A "big, energetic, blustery man with a flair and a taste for administrative power," Bridgeforth openly disdained Carver's abilities. Disputes between the men grew bitter and personal. In 1904, Washington threatened to split the agriculture department, relegating Carver to oversee the experiment station and agricultural instruction and promoting Bridgeforth to director of agricultural industries. Carver blocked this move by threatening to resign, but Washington implemented the reorganization four years later. The feud between Carver and Bridgeforth intensified to the point that Washington had to separate them at work, with Bridgeforth continuing to oversee agricultural education and operations while Carver oversaw the research enterprise. Washington died in 1915, and within three years, Bridgeforth had resigned to work as a county demonstration agent. In May 1918, he accepted a position as principal and president of the Kansas Industrial and Educational Institute, a small state vocational school with around 150 students and 20 teachers operating in Topeka, Kansas, since 1895. As president, Bridgeforth established a hospital and nursing education program at the school.
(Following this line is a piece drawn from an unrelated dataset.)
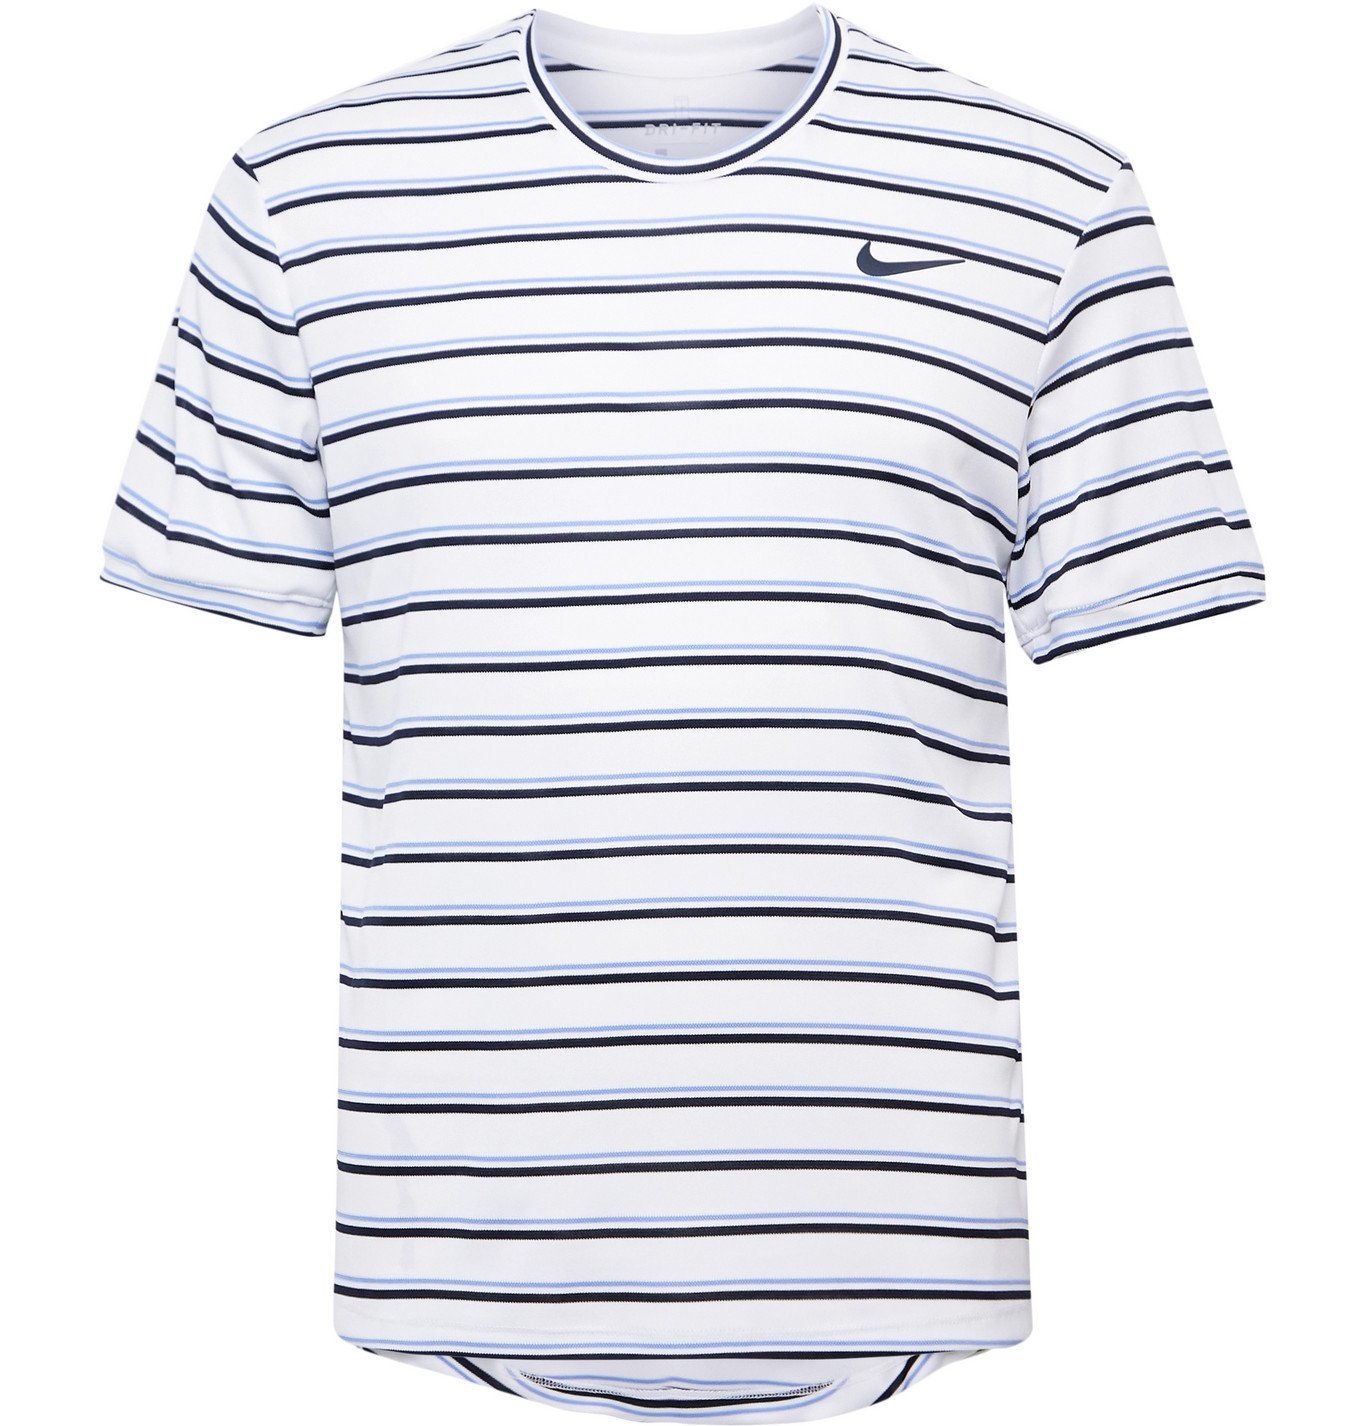 Nike Tennis - NikeCourt Striped Dri-FIT Tennis T-Shirt - White

By 1923, Bridgeforth had returned home to Athens, Alabama, where he raised dairy cattle, sold real estate, and taught at the Tennessee Agricultural and Industrial College and Trinity School, which he attended in his youth. Committed to Black landownership as a means of self-improvement, Bridgeforth had become the largest Black landowner in Limestone County. In 1910, he co-founded the Southern Small Farm Land Company, which formed the basis for Beulahland, a cooperative Black farming community in northern Alabama. Bridgeforth donated the land for Beulahland's church and school.

== Farming legacy ==
As of 2019, Bridgeforth's two grandsons and three great-grandsons owned over 3,000 acres of Limestone County farmland and farmed an additional 7,000 acres, raising soybeans, cotton, corn, and other crops. Bridgeforth Farms is the largest Black-owned farm in Alabama. Cotton grown there was used to make Black History Month t-shirts sold at Target in 2022. Bridgeforth Farm has supplied cotton directly to Victoria's Secret since late 2023.

== Personal life ==
Bridgeforth married Datie Miller (1880–1971) of Athens, Alabama, on June 15, 1905. The couple had one son and three daughters, including Elna Spaulding, who served on the North Carolina Durham County Board of Commissioners from 1974 to 1984.

Bridgeforth died on January 30, 1955, at the age of 81 in Limestone County, Alabama.